The loss of his flocks and herds, and the injury which he himself had received, aroused Æneas's indignation and anger against the Greeks. He immediately raised an armed force of Dardanians, and thenceforth took an active part in the war. He became one of the most distinguished among the combatants, for his prowess and his bravery; and being always assisted by his mother in his conflicts, and rescued by her when in danger, he performed prodigies of strength and valor.
At one time he pressed forward into the thickest of the battle to rescue a Trojan leader named Pandarus, who was beset by his foes and brought into very imminent danger. Æneas did not succeed in saving his friend. Pandarus was killed. Æneas, however, flew to the spot, and by means of the most extraordinary feats of strength and valor he drove the Greeks away from the body. They attacked it on every side, but Æneas, wheeling around it, and fighting now on this side and now on that, drove them all away. They retired to a little distance and then began to throw in a shower of spears and darts and arrows upon him. Æneas defended himself and the body of his friend from these missiles for a time, with his shield. At length, however, he was struck in the thigh with a ponderous stone which one of the Greek warriors hurled at him,-a stone so heavy that two men of ordinary strength would have been required to lift it. Æneas was felled to the ground by the blow. He sank down, resting upon his arm, faint and dizzy, and being thus made helpless would have immediately been overpowered and killed by his assailants had not his mother interposed. She came immediately to rescue him. She spread her vail over him, which had the magic power of rendering harmless all blows which were aimed at what was covered by it, and then taking him up in her arms she bore him off through the midst of his enemies unharmed. The swords, spears, and javelins which were aimed at him were rendered powerless by the magic vail.
Aphrodite, however, flying thus with her wounded son, mother-like, left herself exposed in her anxiety to protect him.
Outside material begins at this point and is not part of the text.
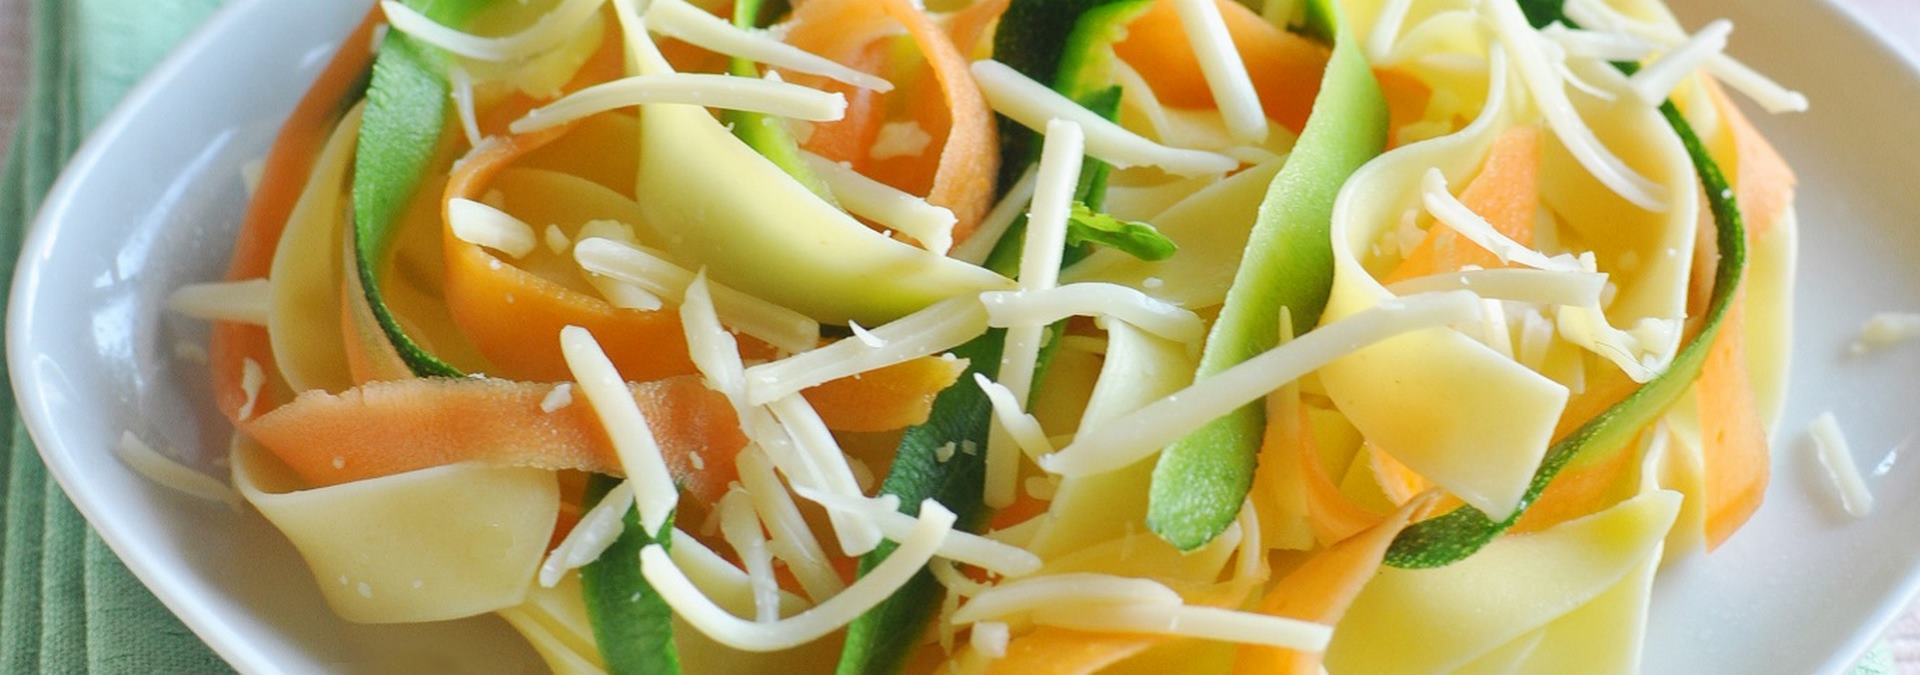 Recette de spaghettis carbonara aux légumes

Diomedes, the chief of the pursuers, following headlong on, aimed a lance at Venus herself. The lance struck Venus in the hand, and inflicted a very severe and painful wound. It did not, however, stop her flight. She pressed swiftly on, while Diomedes, satisfied with his revenge, gave up the pursuit, but called out to Aphrodite as she disappeared from view, bidding her learn from the lesson which he had given her that it would be best for her thenceforth to remain in her own appropriate sphere, and not come down to the earth and interfere in the contests of mortal men.